Abstract

The plant-based meat market is growing due to concerns about the sustainability of the modern food system. Plant-based meats are often constructed from blends of food biopolymers, such as plant proteins and polysaccharides. This study characterizes the thermal setting properties of potato protein (10%) and polysaccharide (2 wt%) mixtures containing polysaccharides with different reversible gelling behaviors: agar (cold set); gellan gum (cold set); or methyl cellulose (heat set).

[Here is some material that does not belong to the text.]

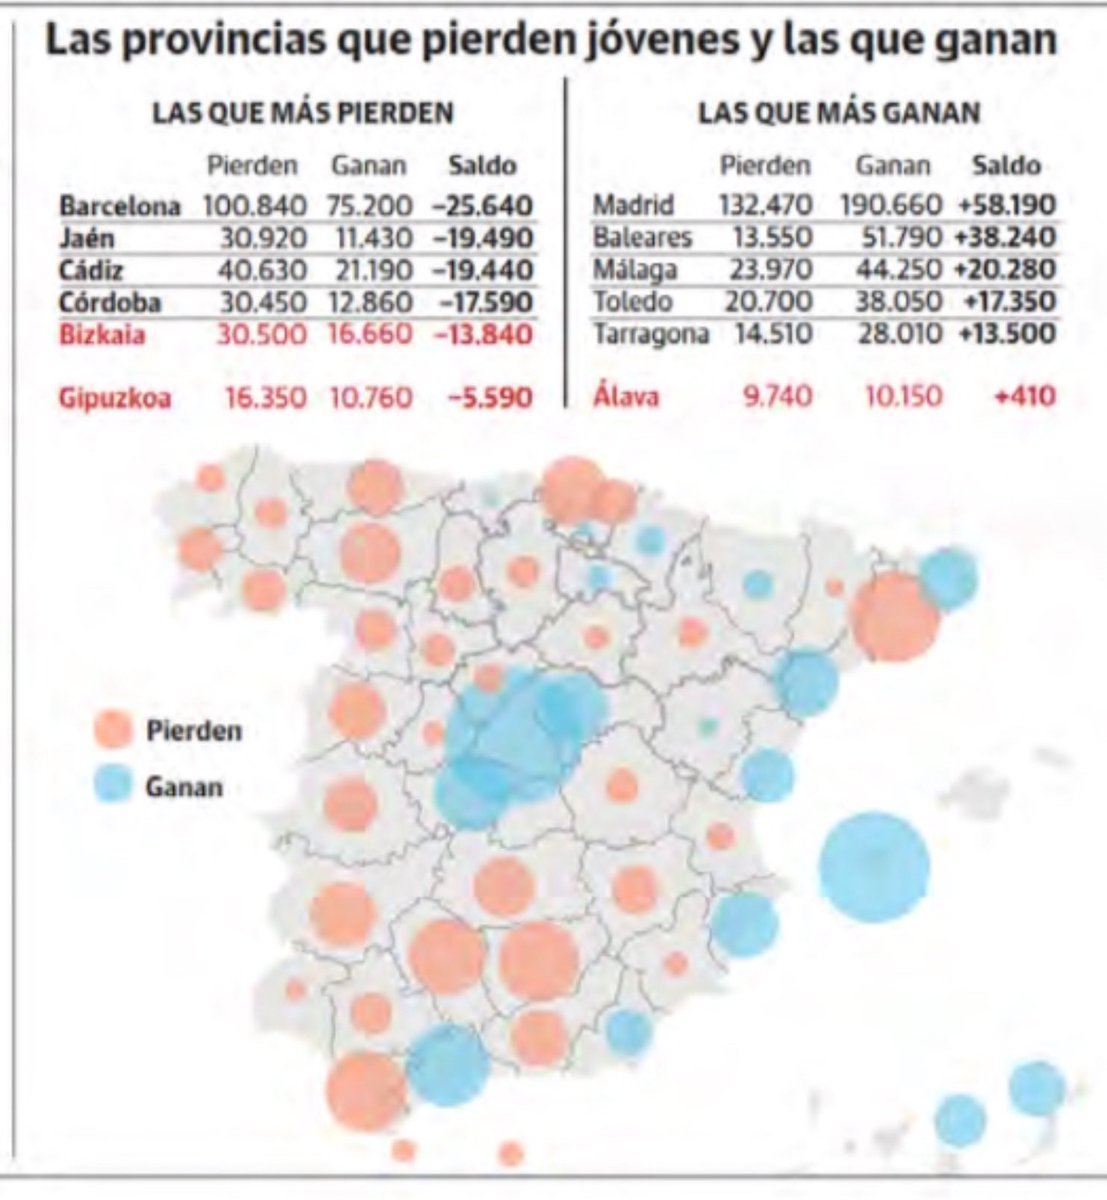 Barcelona, la provincia de la que se van más jóvenes (25.640); Madrid, la que capta más (58.190) elcorreo.com/bizkaia/cinco-…
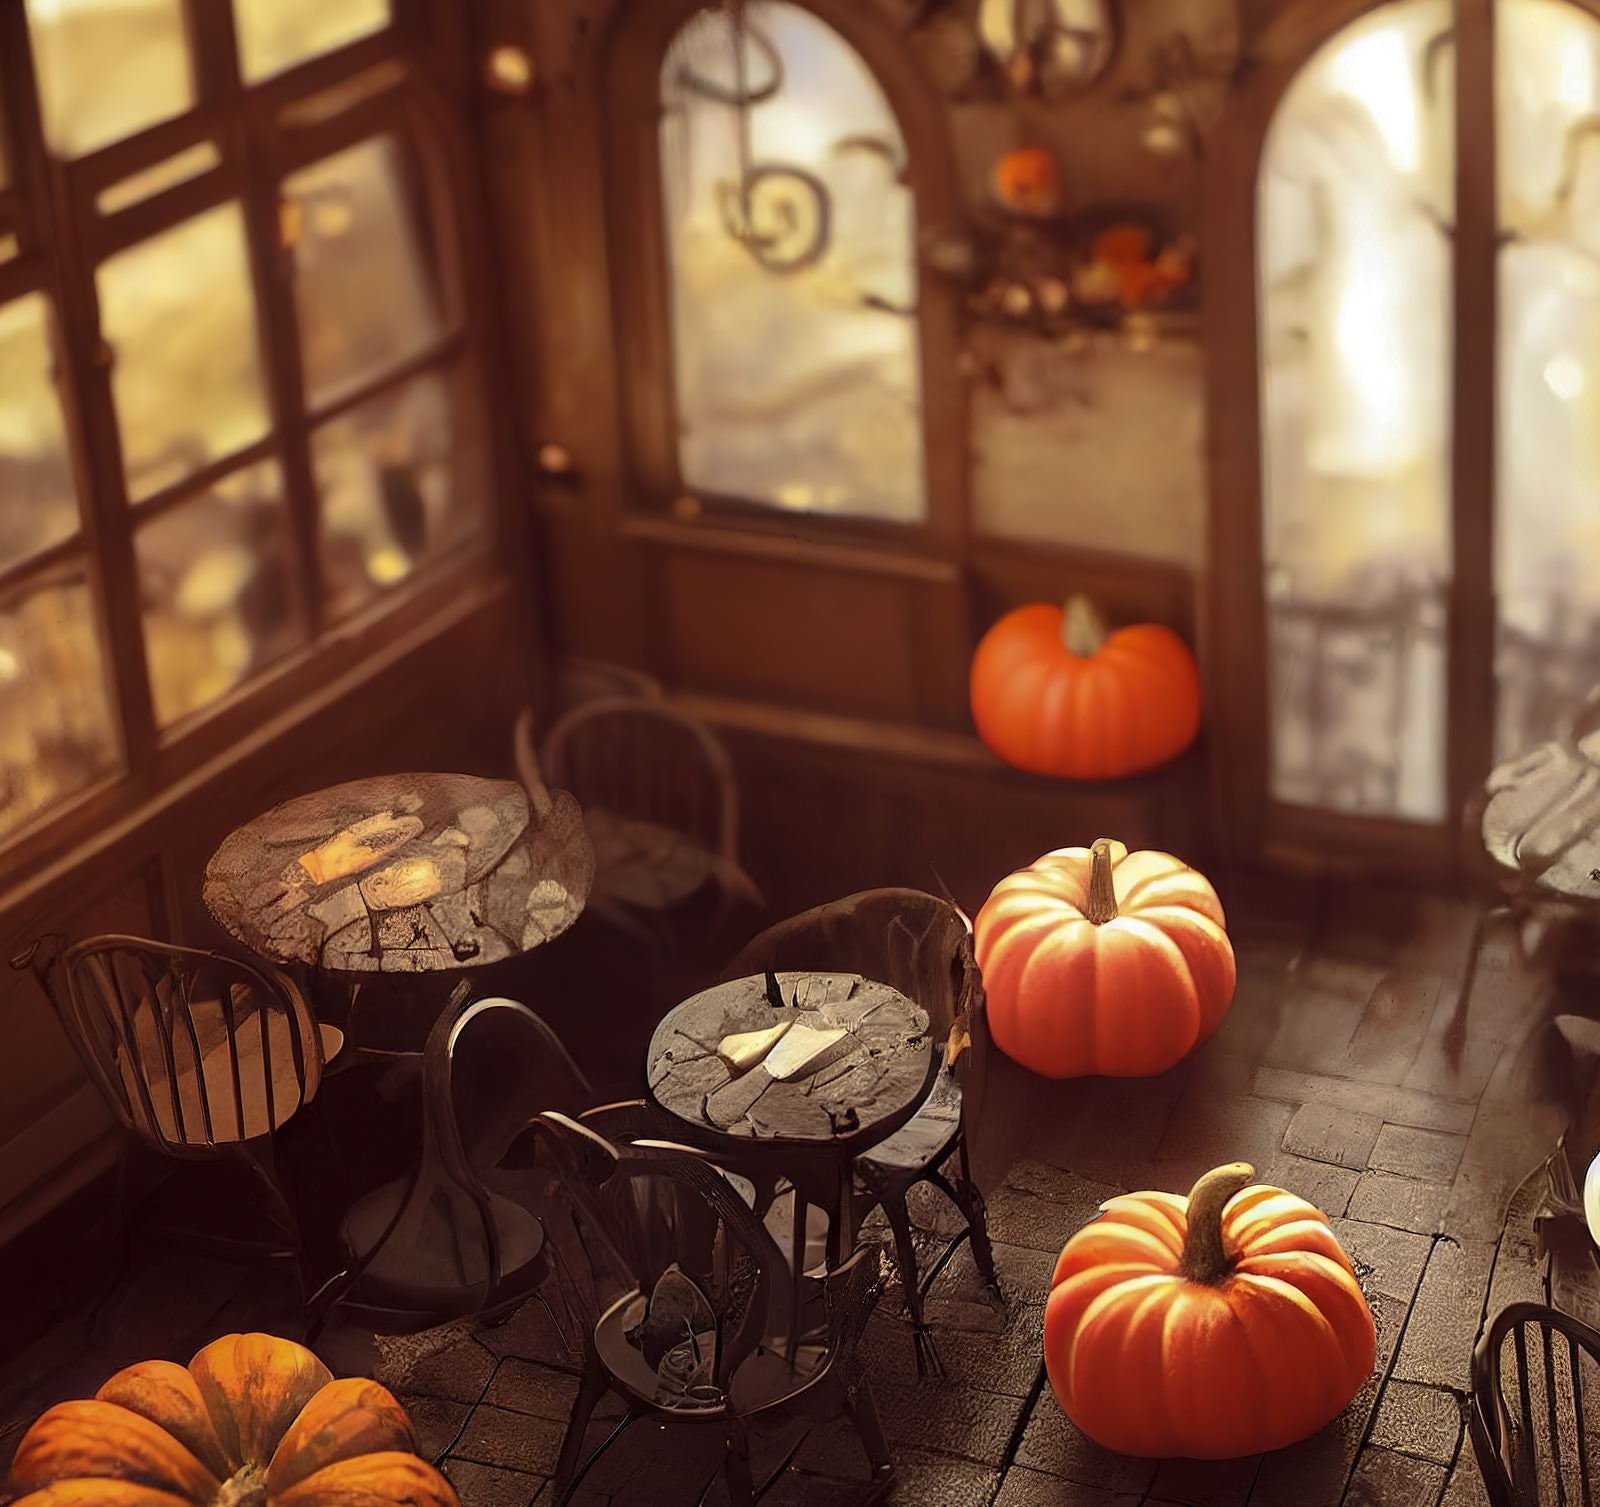 「かぼちゃが無造作に置かれた店内」の写真

Each sample was heated above the thermal denaturation temperature of the potato proteins to promote protein unfolding, aggregation, and network formation. The addition of the polysaccharides tended to increase the complex shear modulus of the biopolymer blends before heating but increase or decrease it after heating depending on polysaccharide type. The shear modulus and hardness of the gels formed after heating tended to increase after addition of the cold-set polysaccharides but decrease after the addition of the heat-set polysaccharides, especially at refrigerator temperatures. Differential scanning calorimetry data showed that the potato proteins underwent irreversible denaturation after heating for all samples. Zeta-potential analysis showed that the potato proteins and all polysaccharides were negatively charged under the pH conditions used. There was greater water loss during heating for the composite gels containing methyl cellulose, which may have been due to its increase hydrophobicity at high temperatures. Appearance and microstructure analysis showed that phase-separation occurred after mixing the polysaccharides with the potato proteins, which was attributed to a segregation mechanism. The knowledge obtained from this study may help the food industry to optimize protein-polysaccharide blends to create gels with characteristics and structures that can mimic different plant-based meat products.